Ms Henderson

Does she even know that I’m here? I suppose not, at least she isn’t showing it. All that attention and focus for her playing, for the piano. I don’t suppose she notices any of the rest of the world. I wonder if she knows what day it is, what year even.  I would ask her, but she does hate being disturbed. The playing itself is beautiful; such harmonies are rarely so perfect when formed by one so young. Yet there she sits, playing away the days, weeks. I’ve heard that she never stops, that even in her sleep she hears the music flowing through her. She is unique in every way but still human, still emotional, she still needs love.

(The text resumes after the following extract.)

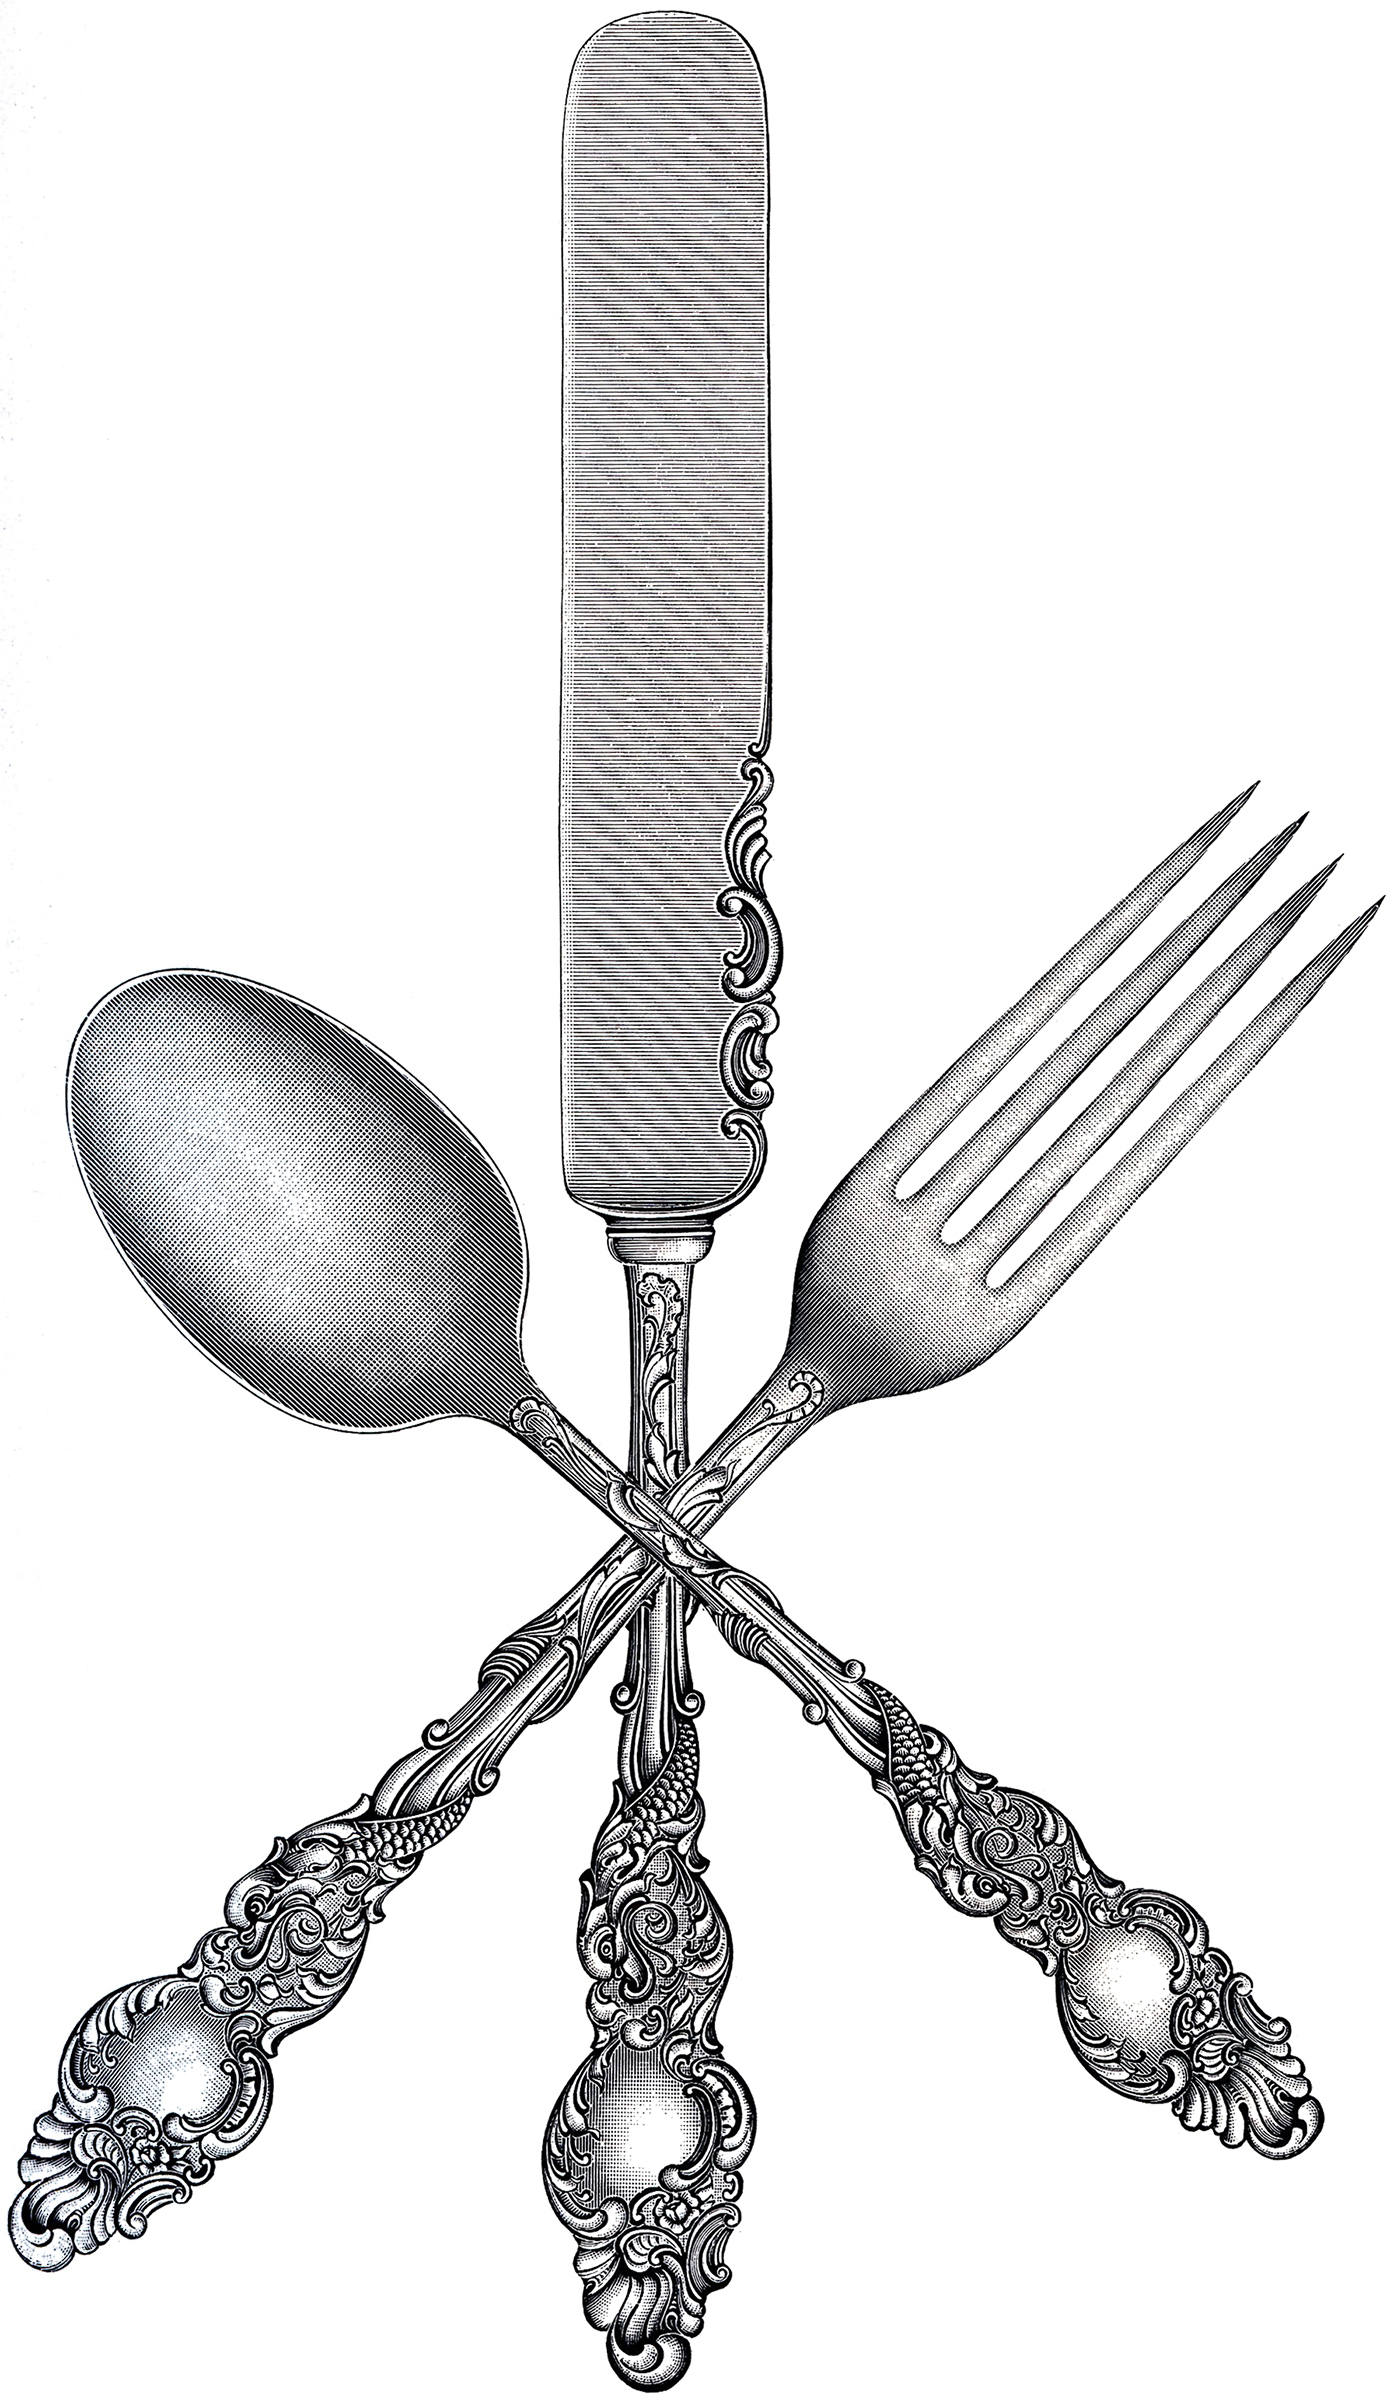 Free Fork Spoon Knife Clip Art   The Graphics Fairy

Perhaps the music loves her; she certainly seems to love it. Does it compare to the depth of human emotion? I’m not sure. If only she would look this way and answer all these questions. I do not wish to cause her any pain, I simply want to know. I had a love for music in my youth but it was nothing compared to what I see now in Elise. Gerald worries greatly about her; mostly about what will happen when he can no longer care for her as he does now.  Perhaps that’s where I come in; I would help if she would let me. I doubt she even knows that he has grown old, just as she is getting older herself. I don’t think he’s all too well, though he would never show her that. The dear old man has been caring for this house for so many years; he has never married, never known any love other than the love for his duty to this family. I guess he cannot miss what he has not had.

It’s been hours and she’s still playing the same song, round and round. It sounds like the Moonlight Sonata, light and yet mournful. I cannot be sure; it has been so long since I’ve heard it. I could listen to her play for many hours longer. It is truly beautiful.